Many more complex kinds of search are also possible, however.
Kinds of search
- Substring As noted above, this is the default. To narrow search results, the '#' character can be used to indicate a word-boundary. For example, searching for the substring 'και' will return all documents containing that sequence of characters (the word 'καί', in 'καῖσαρ' or ᾽καιρός', etc.). Searching for '#και#', however, will return only documents containing the word 'καί'.
- Phrase Unlike substring searching, phrase searching operates on complete words. It is indicated using quotation marks, whether single or double. For instance, searching for '"και ουκ"' will return only documents that contain that exact phrase.
- Proximity While phrase searching is useful for finding words immediately adjacent to each other, it is also possible to specify a maximum distance between two words - for instance, to search for all documents that contain the words 'καί' and 'οὐ' within 10 words or characters of each other.
- Regular Expression Regular expressions are a powerful means by which any possible text configuration can be sought: for instance, "the substring και, followed immediately by any string of characters other than σαρ, followed immediately by a word beginning with τ and containing either an ε or an η'. Regular expressions are necessarily a complex topic, although an understanding even only of the basics can extend the power of your searches considerably; a good tutorial can be found at http://www.regular-expressions.info/
The buttons beneath the text search box all relate to different aspects of these kinds of search.
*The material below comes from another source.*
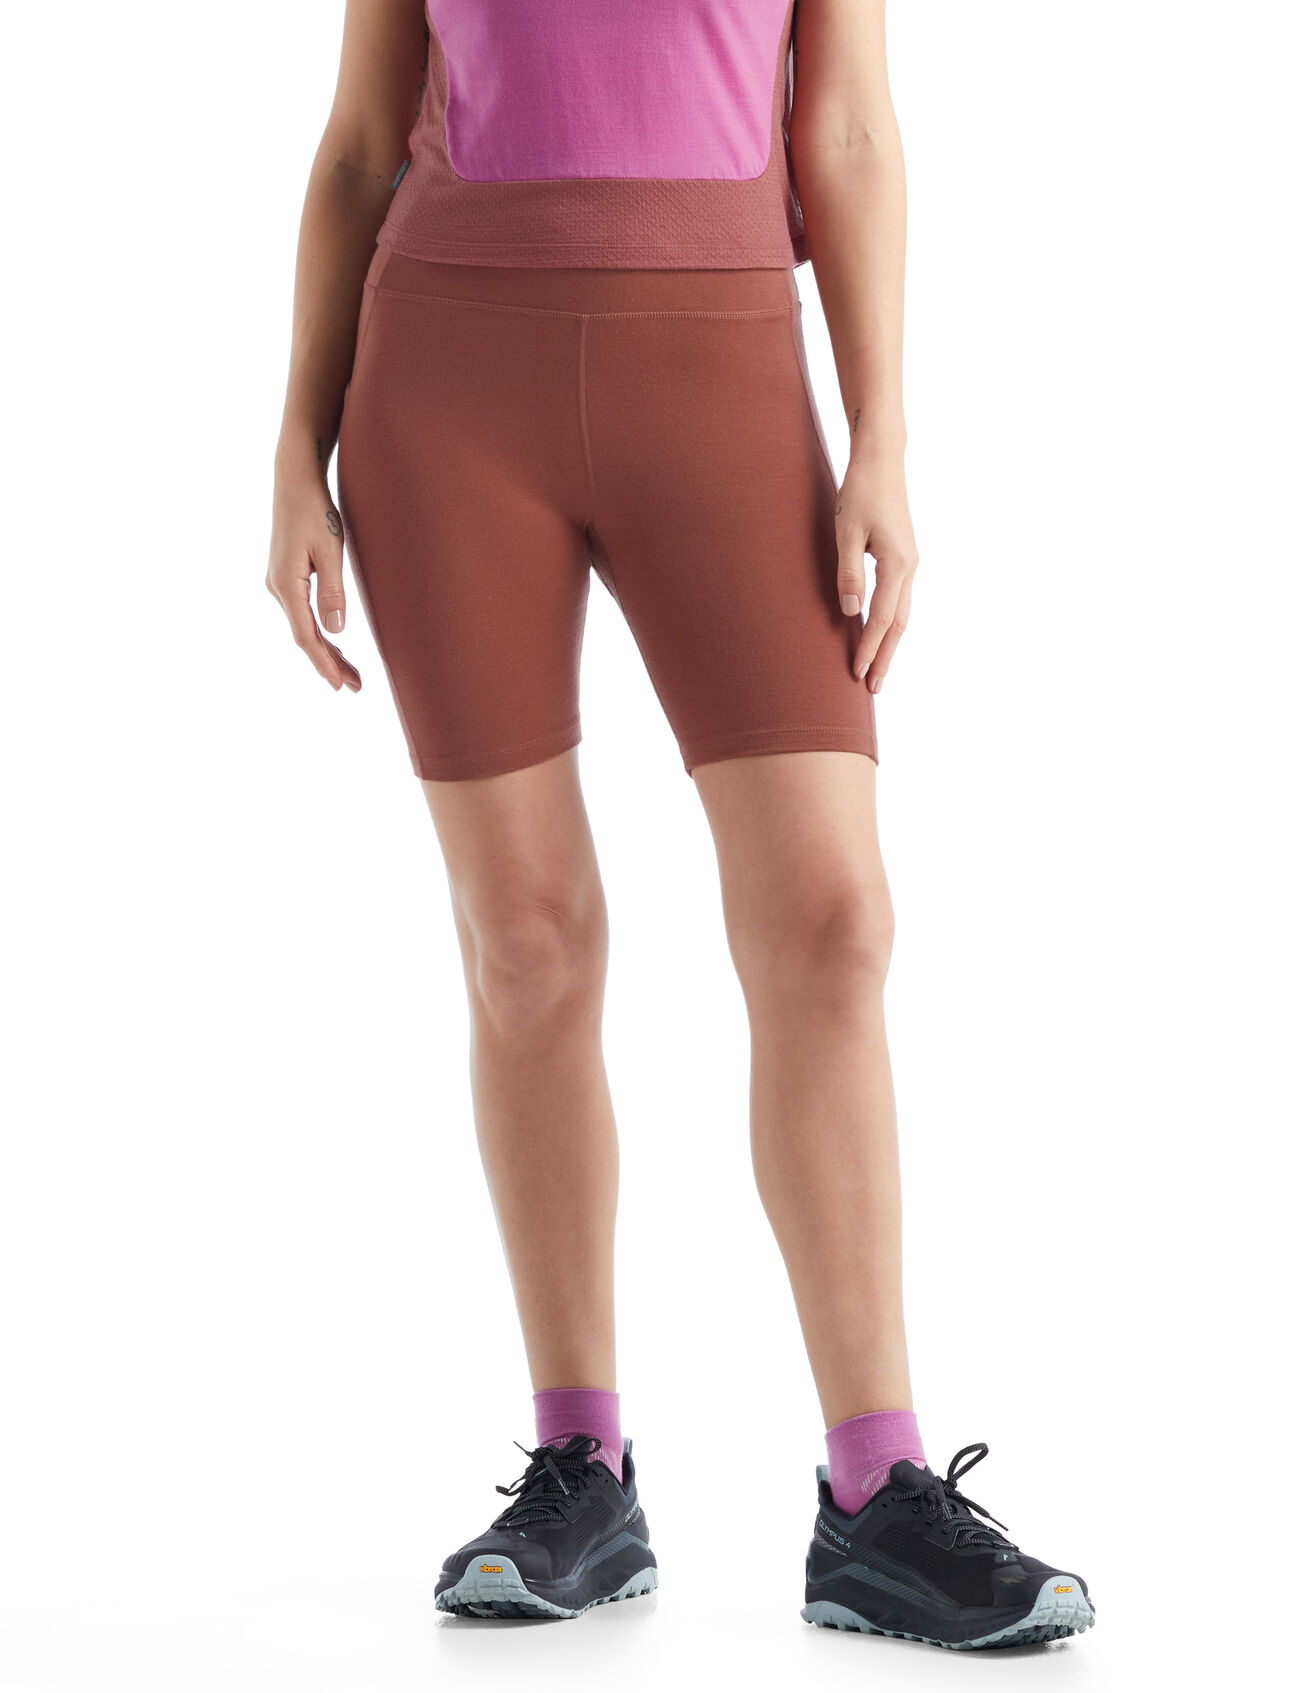 Womens Merino Fastray High Rise Shorts Functional, form-fitting shorts for active performance on or off the trail, the Fastray High Rise Shorts feature a stretchy merino wool blend with a high waist for added coverage.

- AND, OR, NOT These are the standard boolean search operators, and behave as you would expect. Note, however, the distinction between NOT and START-NOT/END-NOT, as described below.
- THEN, NEAR These are used for proximity searching. THEN means that the second term must follow the first term within the specified range of words or characters; NEAR, that it may occur either before or after the first term within that range.
- LEX This button is used for lemmatised searching, i.e., searching for all possible declined or conjugated forms of the term entered. For instance, searching for 'LEX στρατηγός' will return documents containing στρατηγού, στρατηγῷ, etc.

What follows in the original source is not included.